The AP Settles Over NBA Twitter Lawsuit, Pays $20,000 Fine

The Associated Press has settled a lawsuit with an NBA referee who felt he was defamed by a tweet from one of their writers.

The AP has agreed to pay $20,000 in damages to the referee to cover his legal costs, as well as remove the tweet from the writer’s account.

As we reported when this lawsuit came to light in March, AP reporter Jon Krawczynski tweeted the following after a call that NBA referee William Spooner made during a January 24th game:

“Ref Bill Spooner told Rambis he’d ‘get it back’ after a bad call. Then he made an even worse call on Rockets. That’s NBA officiating folks.”

And that tweet ended up costing his organization $20,000.

Spooner took the AP to court over this tweet, claiming that this tweet reported the conversation between Spooner and Rambis as fact, when it did not actually happen. He also noted in his lawsuit that the tweet caused a disciplinary investigation into his actions that night, and tarnished his reputation.

This week, the two parties came to an agreement which saw the AP pay $20,000 for Spooner’s legal fees, remove the tweet from Krawczynski’s account, and issue the following statement:

“AP and its reporter Jon Krawczynski learned through discovery that referee Bill Spooner and coach Kurt Rambis have both consistently and independently denied that Mr. Spooner told the coach ‘he’d get it back’ in an exchange that occurred after a disputed call against the Timberwolves on Jan. 24, 2011, as Mr. Krawczynski had tweeted from courtside that night. Mr. Spooner has testified that he instead told the coach he would ‘get back’ to him after reviewing videotape of the play during a halftime break.
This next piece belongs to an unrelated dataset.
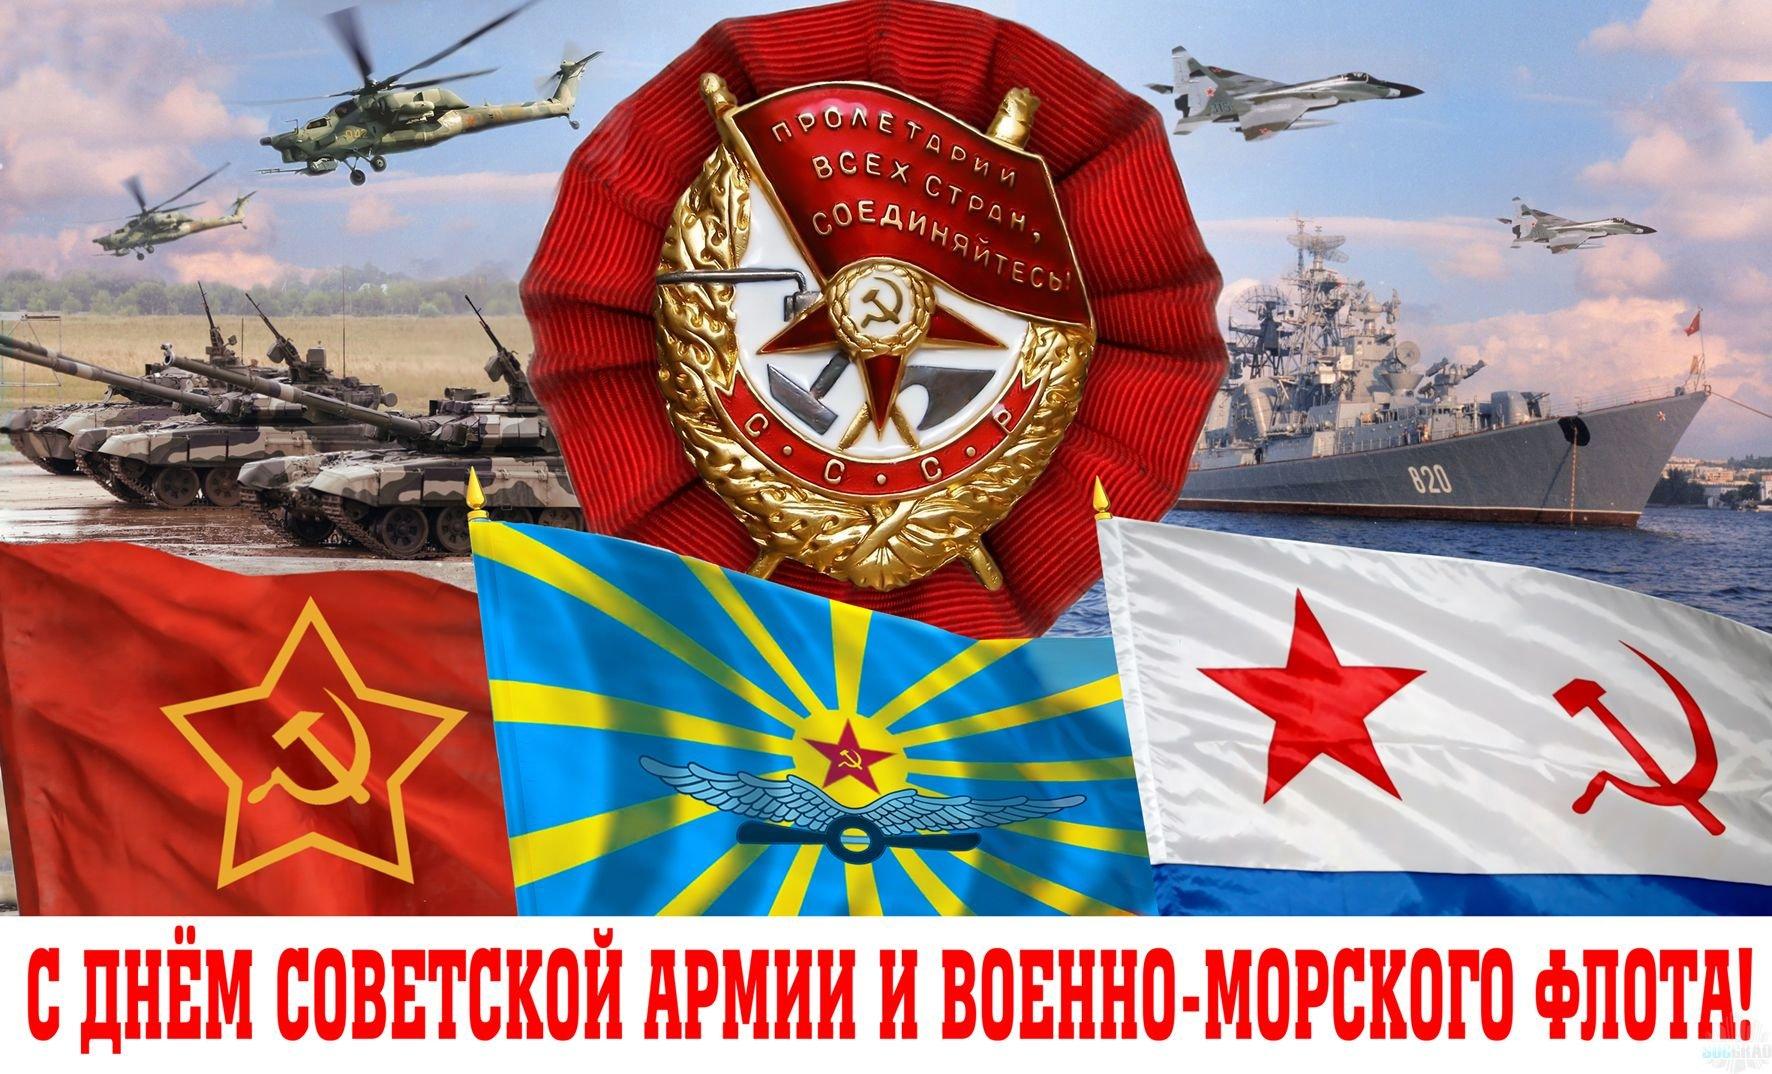 http://socgrad.ru/uploads/images/00/04/29/2014/02/23/73ee9f.jpg height=775

“The NBA promptly investigated at the time and concluded that Mr. Spooner had acted properly. AP was initially unaware of the investigation and does not contest the NBA’s finding. During the game, Mr. Krawczynski tweeted what he believed he had heard. Mr. Krawczynski acknowledges the possibility that he misunderstood what Mr. Spooner said and has therefore removed the Tweet from his APKrawczynski Twitter feed.”

This is only the latest in a string of Twitter lawsuits. Perhaps the most notorious (and expensive) was Courtney Love’s lawsuit in which she defamed a dress maker and was required to pay $430,000 in damages. There was also a case of a politician being ordered to pay over £50,000 over a tweeted political smear, and there is currently a million-dollar lawsuit in the courts against a Portland blogger for defamatory tweets made against a doctor.